Spécialisée en médicaments contre les troubles gastro-intestinaux, Axcan a mis au point un modèle d'affaires moins risqué que celui des entreprises de biotechnologies. Plutôt que de chercher de nouveaux médicaments en laboratoire, l'entreprise acquiert les molécules des autres entreprises lorsqu'elles atteignent un stade assez avancé. Elle poursuit ensuite les tests sur les patients et commercialise les médicaments qui connaissent du succès.
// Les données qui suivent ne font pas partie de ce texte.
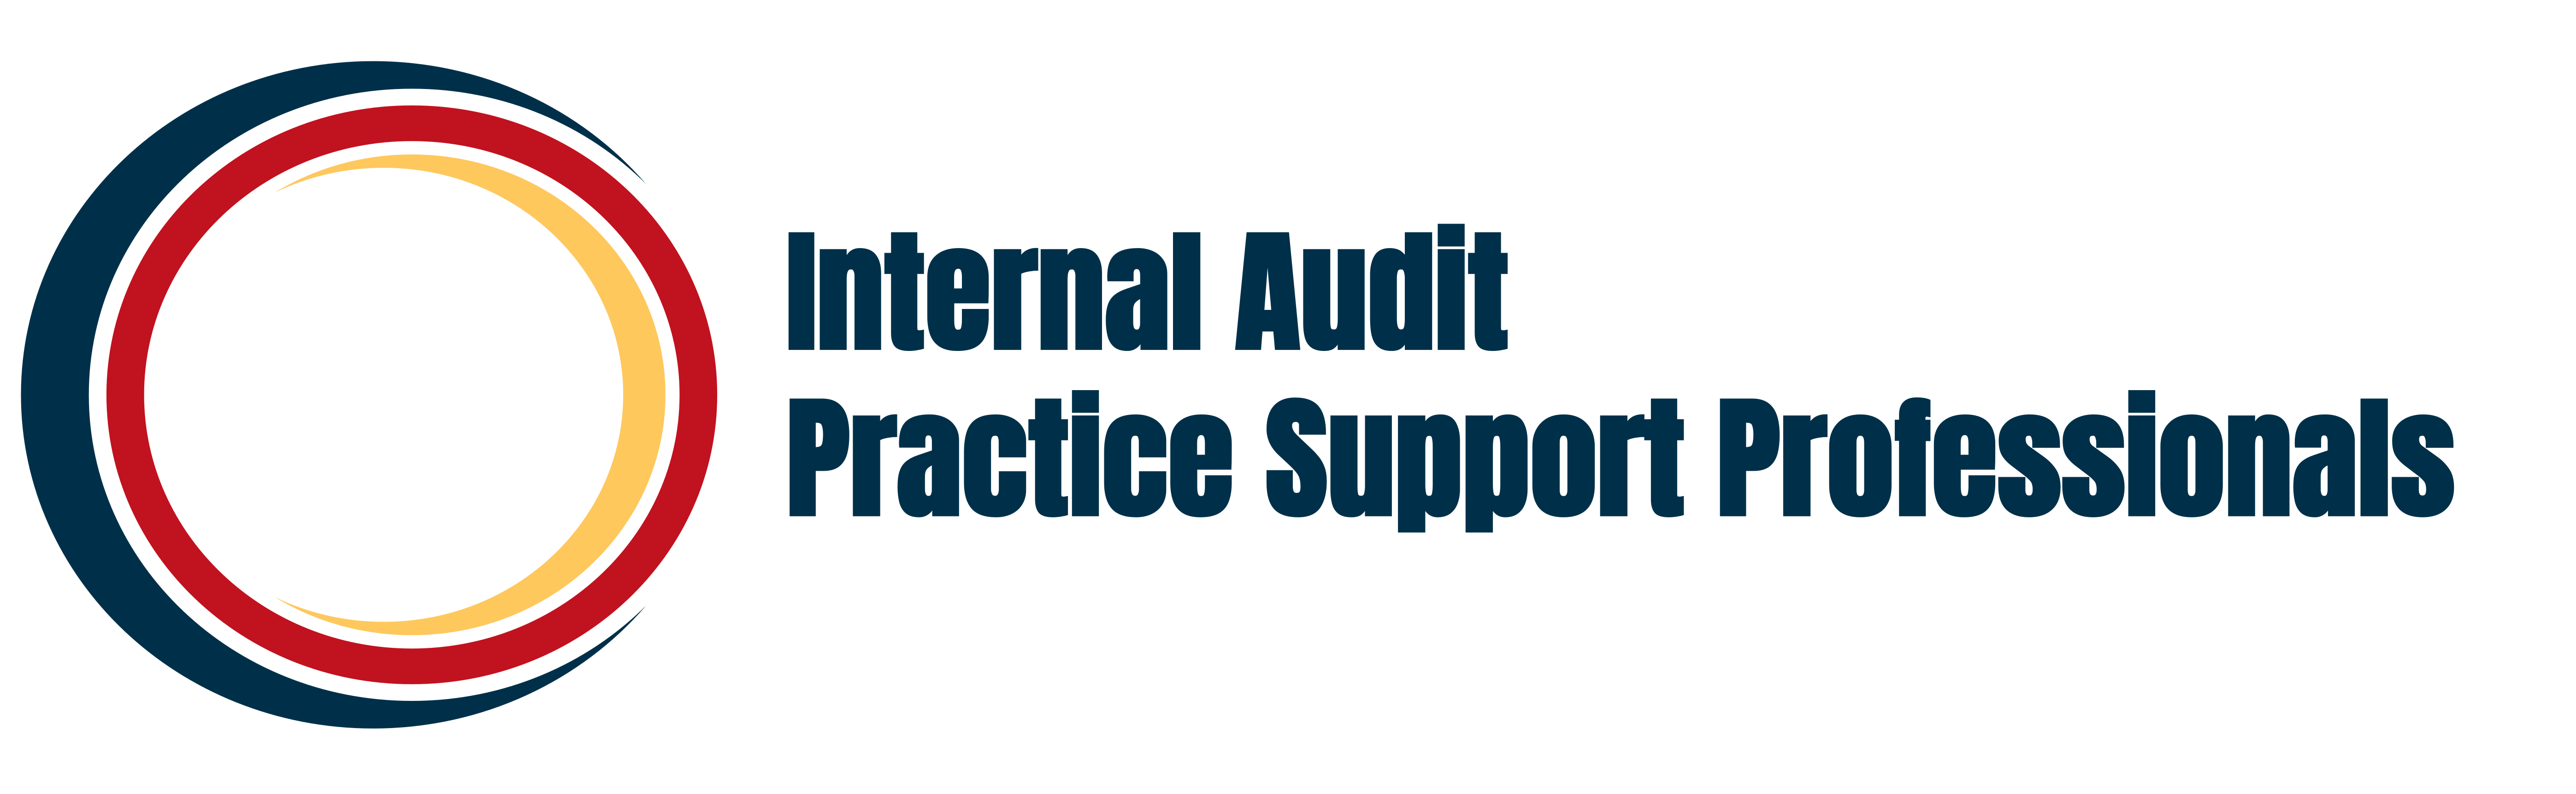 Internal Audit Practice Support Professionals Community Logo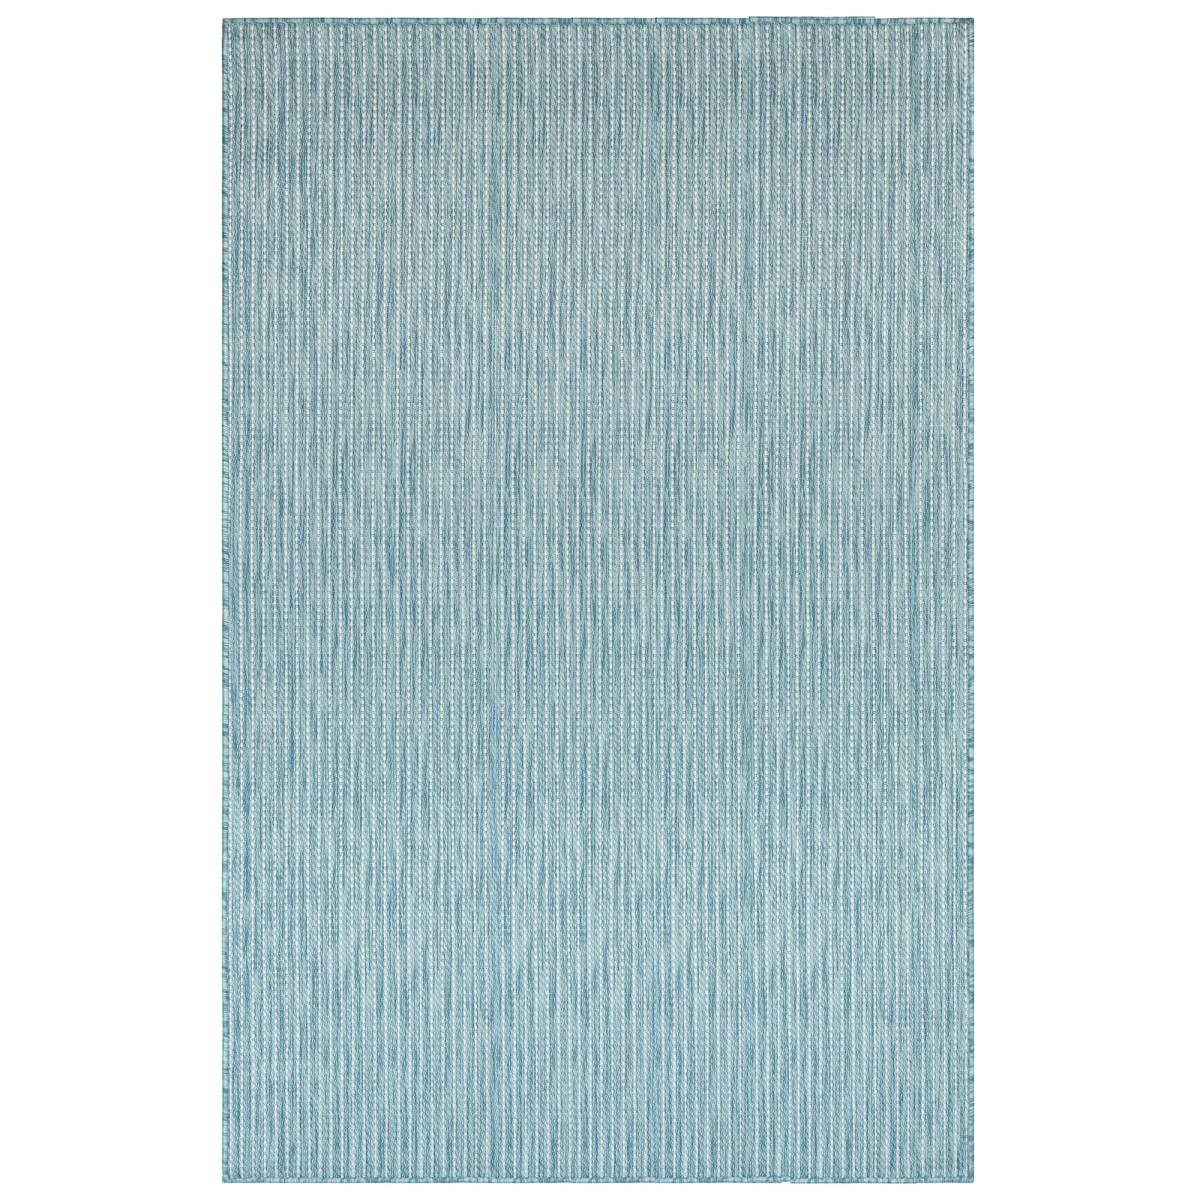 Trans-ocean Imports Cre45842204 39 In. X 59 In. Liora Manne Carmel Texture Stripe Indoor & Outdoor Wilton Woven Rectangle Rug - Aqua

L'acquisition d'Eurand lui permettrait d'étendre sa portée géographique, de compter sur davantage d'usines de fabrication et de bénéficier d'une unité de recherche.

«Ils ont beaucoup de capacité de recherche et développement (RD) et une belle plateforme technologique qui permet d'améliorer le mode de libération des médicaments», a illustré Isabelle Adjahi.

Selon Paul Karamanoukian, d'Ernst&Young, il est possible que la nouvelle force de frappe d'Axcan attire maintenant l'attention des grandes pharmas mondiales, qui pourraient être tentées d'acquérir le groupe à leur tour.

«Deux petits acteurs, ce n'est pas nécessairement sur le radar. Deux petits acteurs ensemble, ça peut devenir intéressant», dit-il.

L'action d'Eurand a gagné 8,11% hier au NASDAQ pour clôturer à 11,86$US, à quelques cents du prix offert par Axcan.